The Timid Cabbage
A Poem by Charles Krafft
Illustrated by Femke Hiemstra
(Sympathetic Press)
We rarely review children's books, but this one is so rich and subtle that it veritably demands our attention. The designers have managed to create a lovely volume you might find in a children's section of the bookstore or library sometime in the early 20th Century --- complete with generous graphite illustrations, in this case, those of Femke Hiemstra of Amsterdam. Each of the twenty-two full-page illustratons are generously given over to but a single line of the poem.And the poem? The pretense is that it is about a humble cabbage that sleeps and dreams of "banana flutes and pancake roots / and cups of hot moth tea." These odd manifestations cause the cabbage head to be chastised by the other plants in the field there next to the river:
Why don't you put your mind . . .
to something we can use
what need have we of fiddling snails
and pairs of penguin shoes?One does not have to be a rocket scientist to realize that this is a heavily symbolic poem, referring to the early sixteenth century concave set up to punish Martin Luther for his 95 Theses on the Power and Efficacy of Indulgences. The Diet of Worms is a reference to the worst enemy of the simple cabbage, Pieris rapae --- the common cabbage worm which does damage to brassica and other cabbage-family crops in fields and gardens throughout the world.

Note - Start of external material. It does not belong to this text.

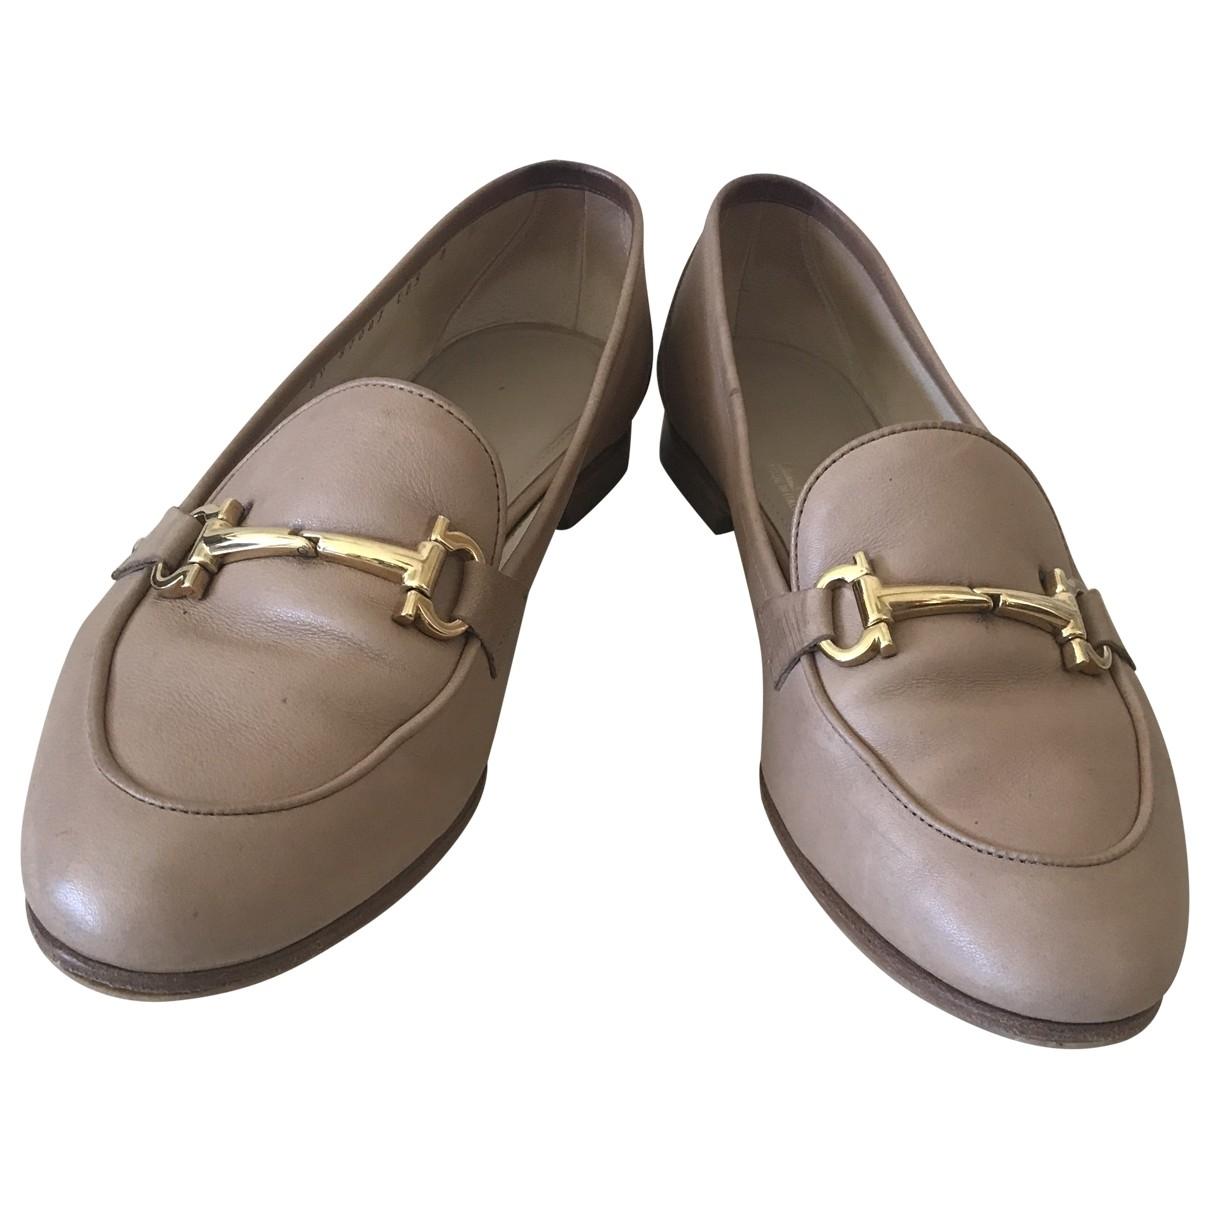 Salvatore Ferragamo \N Beige Leather Flats for Women 38.5 EU

In like manner, Lutheranism did immense damage to the Catholic Church. In May of 1521 a convocation (a "diet") was called at the Heylshof Garden at Worms of Rhineland-Palatinate, Germany. The convocation was designed to threaten Luther with excommunication, and thus defeat the 95 Theses.
"Snails and penguin shoes," in this charming "children's book" becomes a simalcrum of Luther's excoriation of the sales of indulgences, something as obviously fantastic (and as false) as shoes for a simple penguin (or the simple herrenvolk of Worms).
In turn "banana flutes" represent Luther's extreme opposition to holy "nepotism, simony, and usury." "Moth tea" singles out the stewardship of Pope Leo X (the lion who appears hidden in some of the gorgeous illustrations in this volume), all resulting in the inevitable growth of what we now know as the Age of Reason.
In one illustration, a bag appears next to two heads of cabbage with the word "vorrat" clearly imprinted on it. Few may know that this means "released," which would imply that Luther released northern Europeans from the locks of medieval religious thought. Indeed, his memorable if humble phrase, "Here I stand, I can do no other" could imply the good works of the humble cabbage --- yielding itself to be consumed, a simple nurturer for the simple peasants of these simple lands.
But there is yet one more evolution of the spirit that is at the heart of the symbolic scripture in The Timid Cabbage. In the concluding lines, we find a another implied "vorrat" --- one that leads us from western Christianity straight into the more gentle discipleship of eastern spiritual ways.
"I've gone to Kathmandu"
the note he left us said
there's a man up there I have to meet
whose beard is long and red..."This is as elegant a similie as one could want, for it assures us that the release from the Mother church to Protestantism and finally to the reality of the eight-fold path (represented by the exhortation to free oneself in the chains of life):
"Why don't you dream up something real
something we can see
or find yourself a cabbagette
and raise a family."At the beginning of this review, we referred to The Timid Cabbage as a children's book. Nothing could be further from the truth. It is, instead, a powerful emblem of one of the key historical events in the West --- told in such simple terms --- one that may well deceive those who cannot envision profound truths appearing in the most humble guise.